The "em" could potentially refer to:
1. "Expectation maximization" - a statistical algorithm
2. "em" as in emphasis in HTML/markdown (like *this*)
3. Some kind of metric or modifier related to CoT
4. A typo or abbreviation for something else
Since this is just a two-word fragment without context, the most likely interpretation is that it's referring to Chain of Thought reasoning with some kind of "em" qualifier or metric associated with it.

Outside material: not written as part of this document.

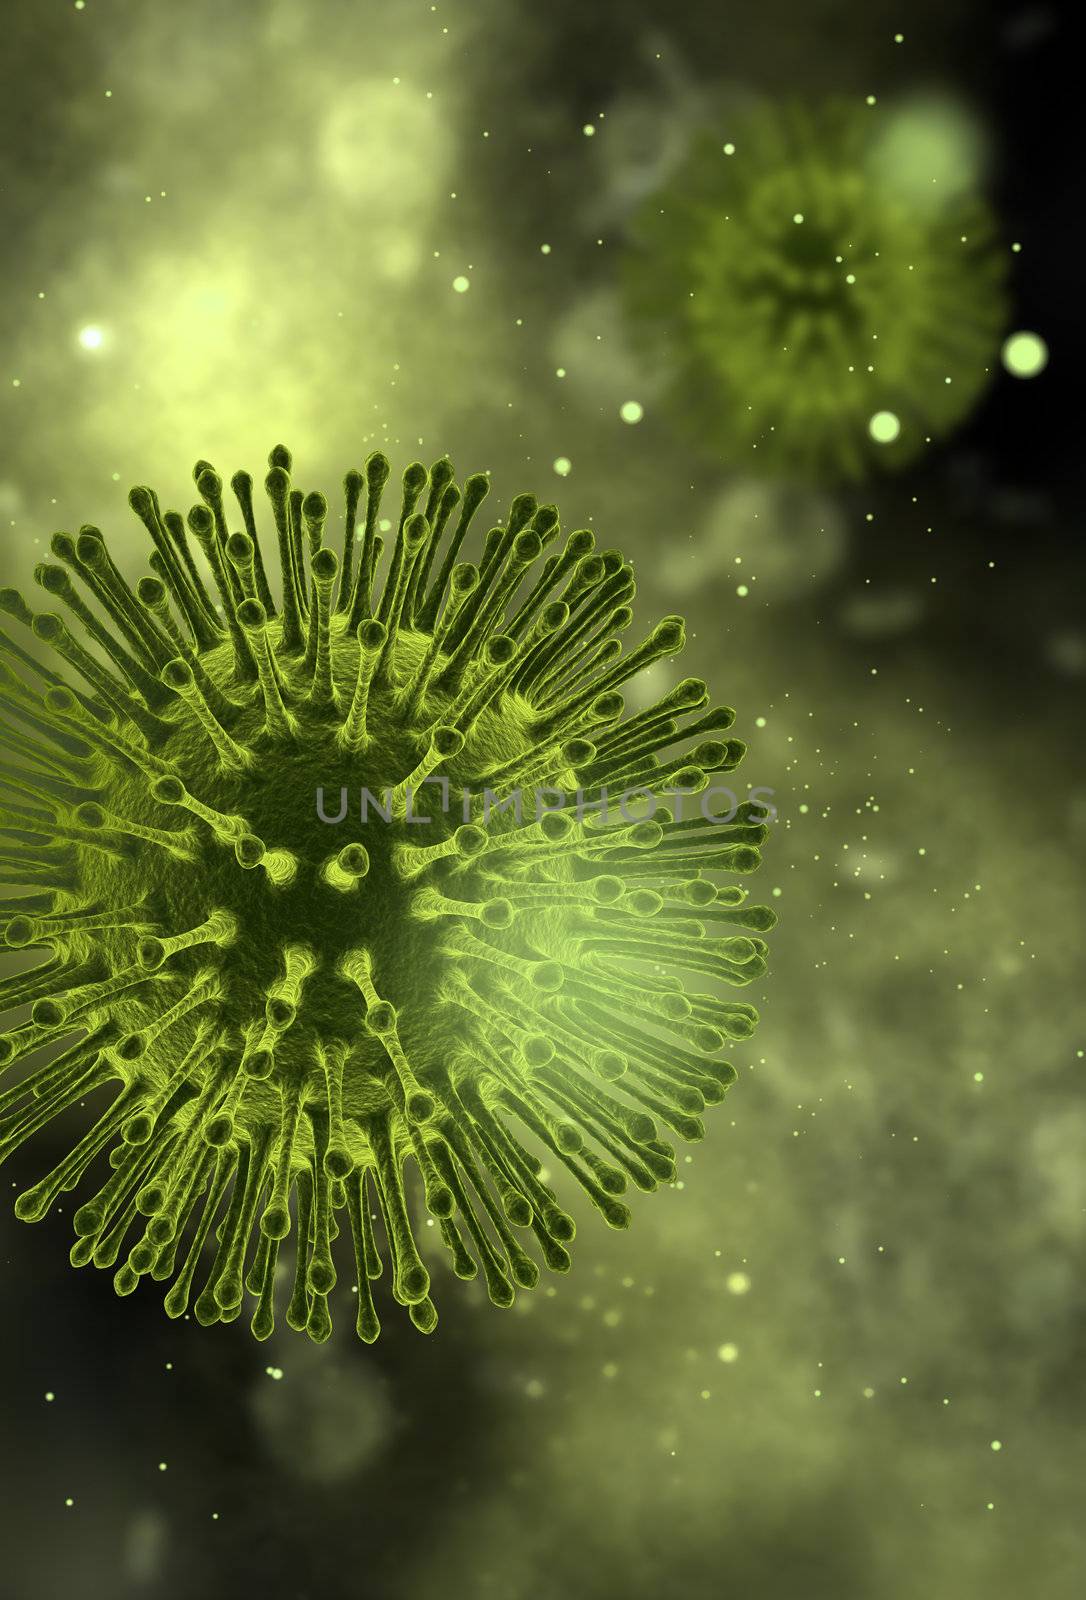 Virus macro view CGI

But without more context, I can only provide this basic translation of the terms as they appear. • Self-reported
Reasoning
Logical reasoning and analysis
GPQA
0-shot, accuracy
AI: In this category, we compute the accuracy of the model's predictions on our pre-determined list of questions directly from the model's top 1 output, without any prompting or support. • Self-reported
Other Tests
Specialized benchmarks
ARC-C
0-shot, acc standard 0-shot evaluation without which-or additional information or demonstrations. Accuracy is calculated on set, in order to Since methodology 0-shot is used how in evaluation, so and at testing in this match between evaluation and • Self-reported
BFCL v2
0-shot, accuracy
AI: Prompt Steerability • Self-reported
IFEval
Average value (accuracy instructions/prompts strict/) • Self-reported
InfiniteBench/En.MC
0-shot, longbook_choice/acc • Self-reported
InfiniteBench/En.QA
0-shot, longbook_qa/f1 • Self-reported
Nexus
0-shot, macro_avg/acc • Self-reported
NIH/Multi-needle
0-shot, reproduction AI: model used which in ? • Self-reported
Open-rewrite
0-shot, micro_avg/rougeL • Self-reported
TLDR9+ (test)
1-shot, rougeL • Self-reported
License & Metadata
License
llama_3_2_community_license
Announcement Date
September 25, 2024
Last Updated
July 19, 2025
Similar Models
All ModelsLlama 3.1 8B Instruct
Meta
8.0B
Best score:0.8 (ARC)
Released:Jul 2024
Price:$0.20/1M tokens
Llama 3.1 Nemotron Nano 8B V1
NVIDIA
8.0B
Best score:0.5 (GPQA)
Released:Mar 2025
Gemma 2 9B
9.2B
Best score:0.7 (MMLU)
Released:Jun 2024
Ministral 8B Instruct
Mistral AI
8.0B
Best score:0.7 (ARC)
Released:Oct 2024
Price:$0.10/1M tokens
Phi-3.5-mini-instruct
Microsoft
3.8B
Best score:0.8 (ARC)
Released:Aug 2024
Price:$0.10/1M tokens
Phi 4 Mini
Microsoft
3.8B
Best score:0.8 (ARC)
Released:Feb 2025
Qwen2.5 7B Instruct
Alibaba
7.6B
Best score:0.8 (HumanEval)
Released:Sep 2024
Price:$0.30/1M tokens
Qwen2 7B Instruct
Alibaba
7.6B
Best score:0.8 (HumanEval)
Released:Jul 2024
Recommendations are based on similarity of characteristics: developer organization, multimodality, parameter size, and benchmark performance. Choose a model to compare or go to the full catalog to browse all available AI models.